◆ TASK ITEM
An exact transcription is needed, starting at the line containing "Paris Street Scene" and running through the last line of the records, with every picture left out.

◆ DATASET EXCERPTS
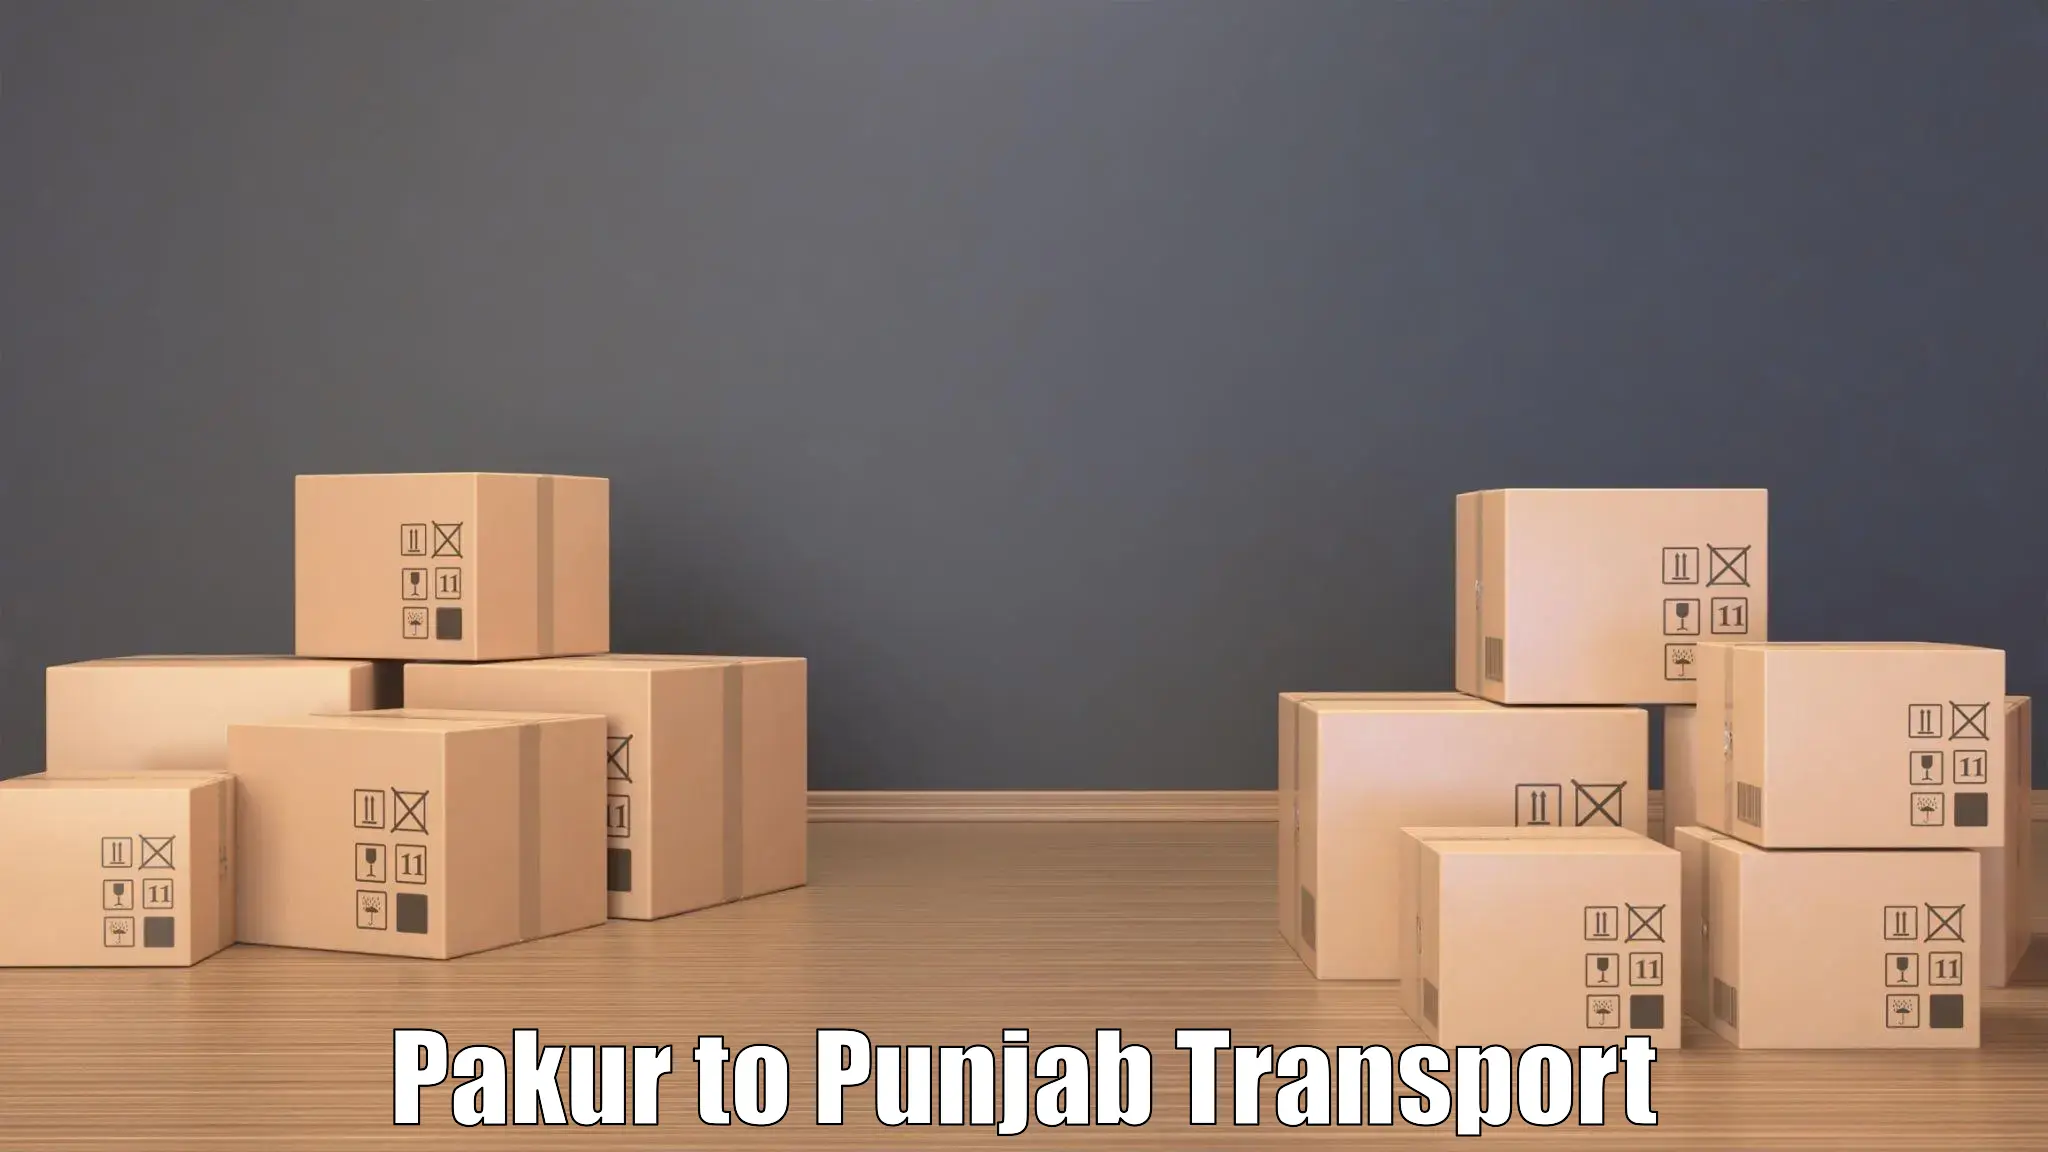 Two wheeler transport services Pakur to Raikot
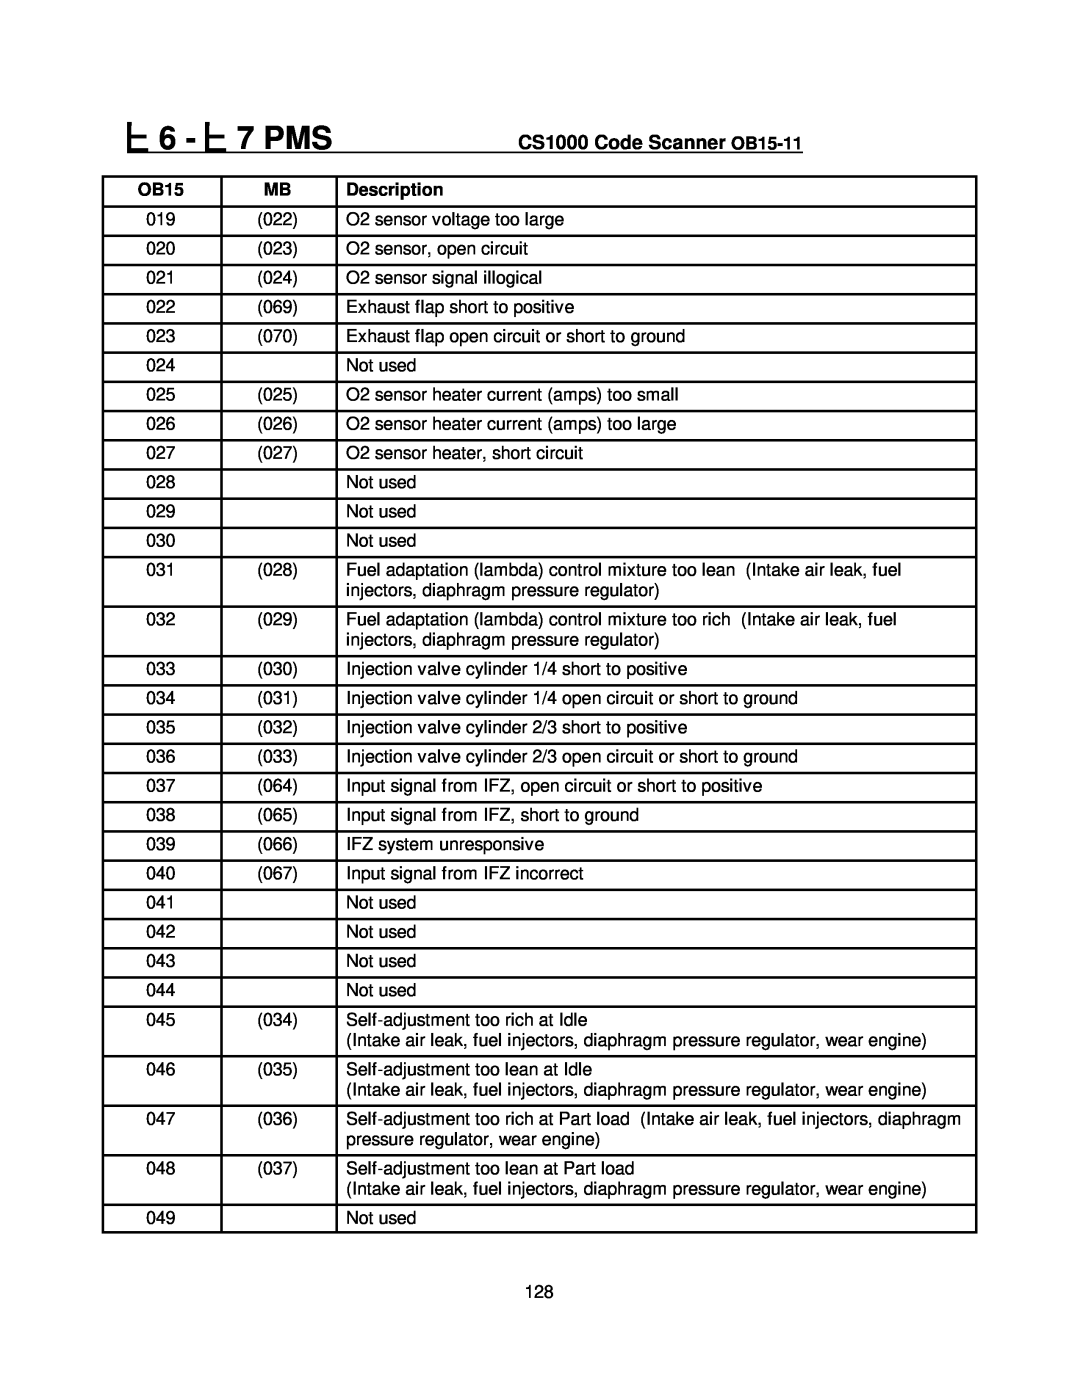 Mercedes-Benz manual 6 - 7 PMS, CS1000 Code Scanner OB15-11, Description 
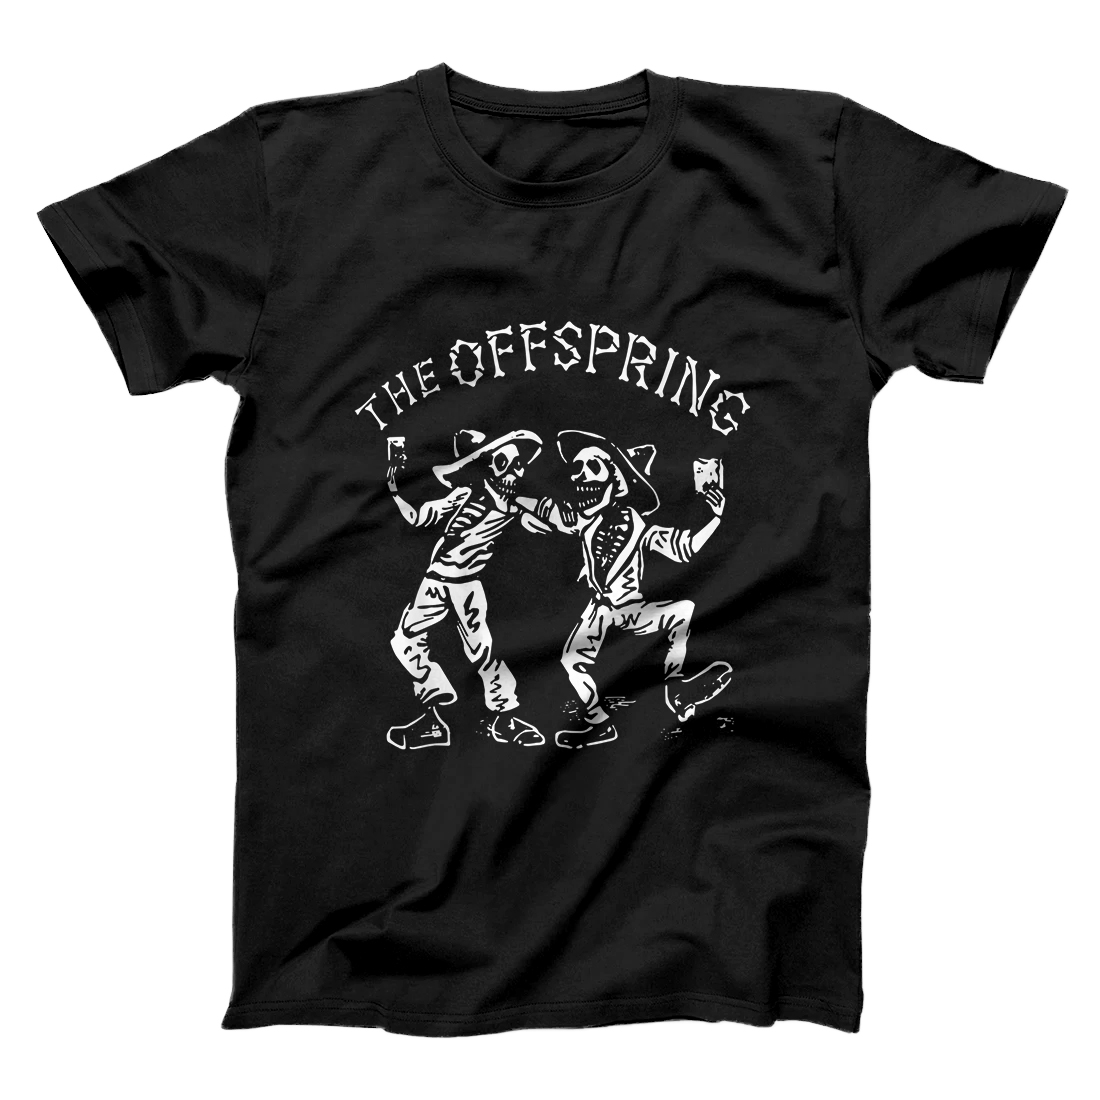 The Offspring Dance FKR Dance Tee T-Shirt - All Star Shirt
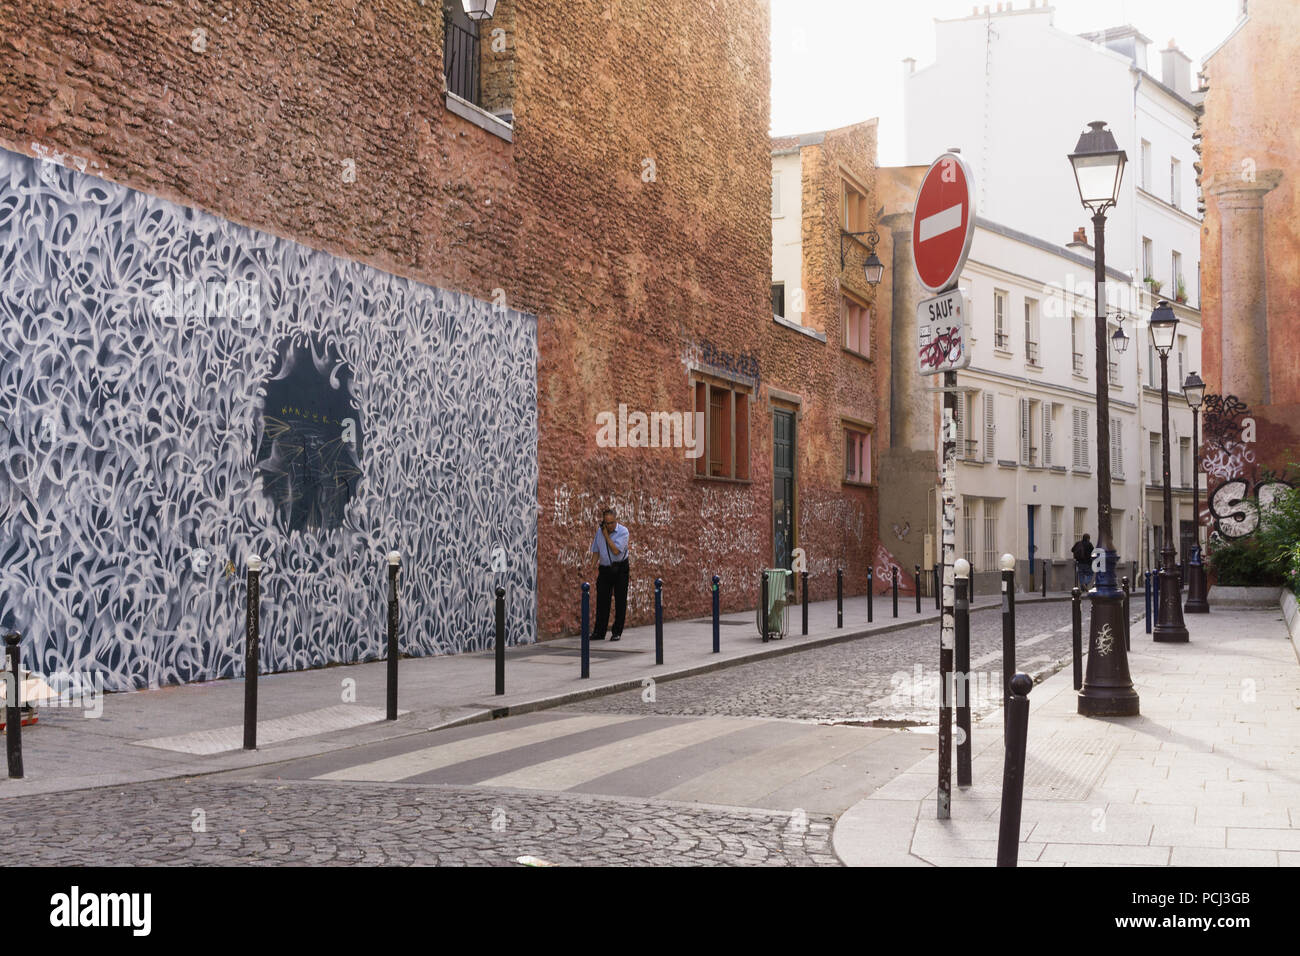 Paris Street Scene - Ecke Rue Legouve und Rue Lucien Sampaix, ein Mann spricht auf dem Telefon neben der Straße Wandbild. Frankreich, Europa. Stockfoto
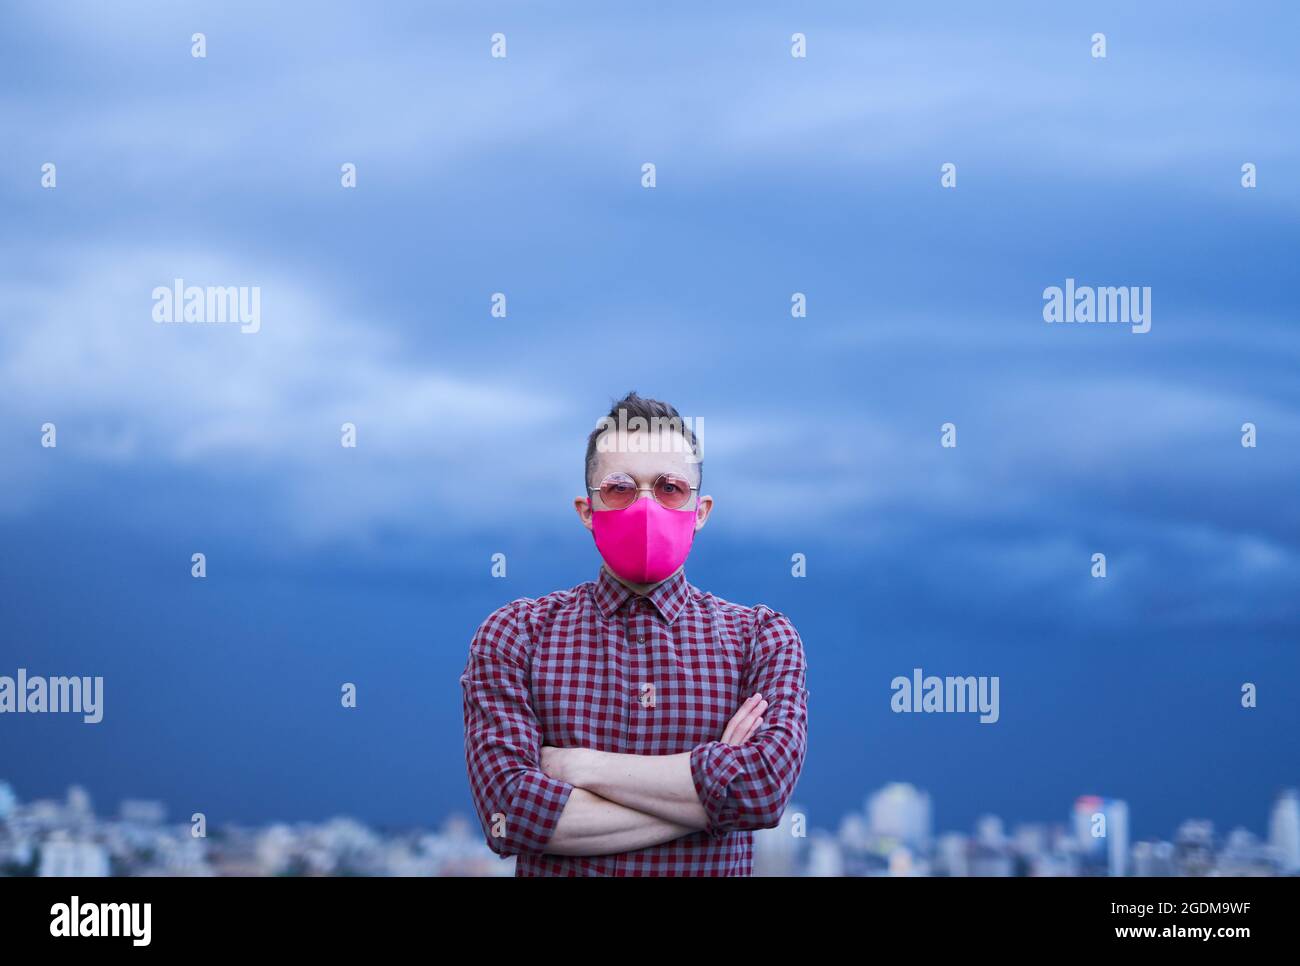 Niedliche kaukasische Homosexuell in rosa schützende Gesichtsmaske und rosa Sonnenbrille suchen direkt in der Kamera. Konzept der Hoffnung, LGBTQ-Thema. Männliche Person Porträt mit regnerischem Wetter Hintergrund und städtische Skyline Stockfoto

◆ ANSWER FOR THIS EXERCISE
 Paris Street Scene - Ecke Rue Legouve und Rue Lucien Sampaix, ein Mann spricht auf dem Telefon neben der Straße Wandbild. Frankreich, Europa. Stockfoto
 Niedliche kaukasische Homosexuell in rosa schützende Gesichtsmaske und rosa Sonnenbrille suchen direkt in der Kamera. Konzept der Hoffnung, LGBTQ-Thema. Männliche Person Porträt mit regnerischem Wetter Hintergrund und städtische Skyline Stockfoto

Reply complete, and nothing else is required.